[Start of Attachment]

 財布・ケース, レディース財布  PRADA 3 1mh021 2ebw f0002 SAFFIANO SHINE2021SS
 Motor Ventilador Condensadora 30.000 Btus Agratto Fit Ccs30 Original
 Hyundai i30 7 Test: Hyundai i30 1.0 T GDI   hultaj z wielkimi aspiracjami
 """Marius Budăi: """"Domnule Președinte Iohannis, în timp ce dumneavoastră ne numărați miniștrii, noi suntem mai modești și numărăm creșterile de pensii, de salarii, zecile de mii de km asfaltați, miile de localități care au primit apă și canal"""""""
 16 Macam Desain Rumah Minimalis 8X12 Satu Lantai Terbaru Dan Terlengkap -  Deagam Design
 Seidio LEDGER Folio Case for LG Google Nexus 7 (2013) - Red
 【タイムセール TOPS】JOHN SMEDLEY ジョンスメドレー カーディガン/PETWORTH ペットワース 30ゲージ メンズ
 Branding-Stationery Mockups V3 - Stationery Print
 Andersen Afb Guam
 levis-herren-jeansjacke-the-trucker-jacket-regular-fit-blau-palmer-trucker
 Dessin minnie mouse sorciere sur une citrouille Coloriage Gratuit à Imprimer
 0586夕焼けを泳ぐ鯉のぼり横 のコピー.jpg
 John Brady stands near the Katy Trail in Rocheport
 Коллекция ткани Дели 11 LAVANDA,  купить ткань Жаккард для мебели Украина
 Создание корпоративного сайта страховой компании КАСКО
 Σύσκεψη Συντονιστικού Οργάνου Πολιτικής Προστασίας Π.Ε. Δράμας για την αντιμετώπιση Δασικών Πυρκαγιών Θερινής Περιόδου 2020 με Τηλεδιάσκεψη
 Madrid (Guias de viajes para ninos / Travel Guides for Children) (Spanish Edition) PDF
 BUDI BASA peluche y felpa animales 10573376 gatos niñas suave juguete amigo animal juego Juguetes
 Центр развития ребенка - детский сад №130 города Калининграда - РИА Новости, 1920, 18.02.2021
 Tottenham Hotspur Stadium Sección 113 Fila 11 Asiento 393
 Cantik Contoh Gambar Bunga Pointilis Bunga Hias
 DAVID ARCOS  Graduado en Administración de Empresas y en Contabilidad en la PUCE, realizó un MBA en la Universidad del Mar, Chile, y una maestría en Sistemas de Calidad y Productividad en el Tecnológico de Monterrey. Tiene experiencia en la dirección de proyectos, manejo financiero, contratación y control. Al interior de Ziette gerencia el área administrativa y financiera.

[End of Attachment]

__Exercise objective__
Only an exact copy is wanted here: the line containing "Branding-Stationery Mockups V3" and every later line, up to and including the last line of the listing.

__Task output__
 Branding-Stationery Mockups V3 - Stationery Print
 Andersen Afb Guam
 levis-herren-jeansjacke-the-trucker-jacket-regular-fit-blau-palmer-trucker
 Dessin minnie mouse sorciere sur une citrouille Coloriage Gratuit à Imprimer
 0586夕焼けを泳ぐ鯉のぼり横 のコピー.jpg
 John Brady stands near the Katy Trail in Rocheport
 Коллекция ткани Дели 11 LAVANDA,  купить ткань Жаккард для мебели Украина
 Создание корпоративного сайта страховой компании КАСКО
 Σύσκεψη Συντονιστικού Οργάνου Πολιτικής Προστασίας Π.Ε. Δράμας για την αντιμετώπιση Δασικών Πυρκαγιών Θερινής Περιόδου 2020 με Τηλεδιάσκεψη
 Madrid (Guias de viajes para ninos / Travel Guides for Children) (Spanish Edition) PDF
 BUDI BASA peluche y felpa animales 10573376 gatos niñas suave juguete amigo animal juego Juguetes
 Центр развития ребенка - детский сад №130 города Калининграда - РИА Новости, 1920, 18.02.2021
 Tottenham Hotspur Stadium Sección 113 Fila 11 Asiento 393
 Cantik Contoh Gambar Bunga Pointilis Bunga Hias
 DAVID ARCOS  Graduado en Administración de Empresas y en Contabilidad en la PUCE, realizó un MBA en la Universidad del Mar, Chile, y una maestría en Sistemas de Calidad y Productividad en el Tecnológico de Monterrey. Tiene experiencia en la dirección de proyectos, manejo financiero, contratación y control. Al interior de Ziette gerencia el área administrativa y financiera.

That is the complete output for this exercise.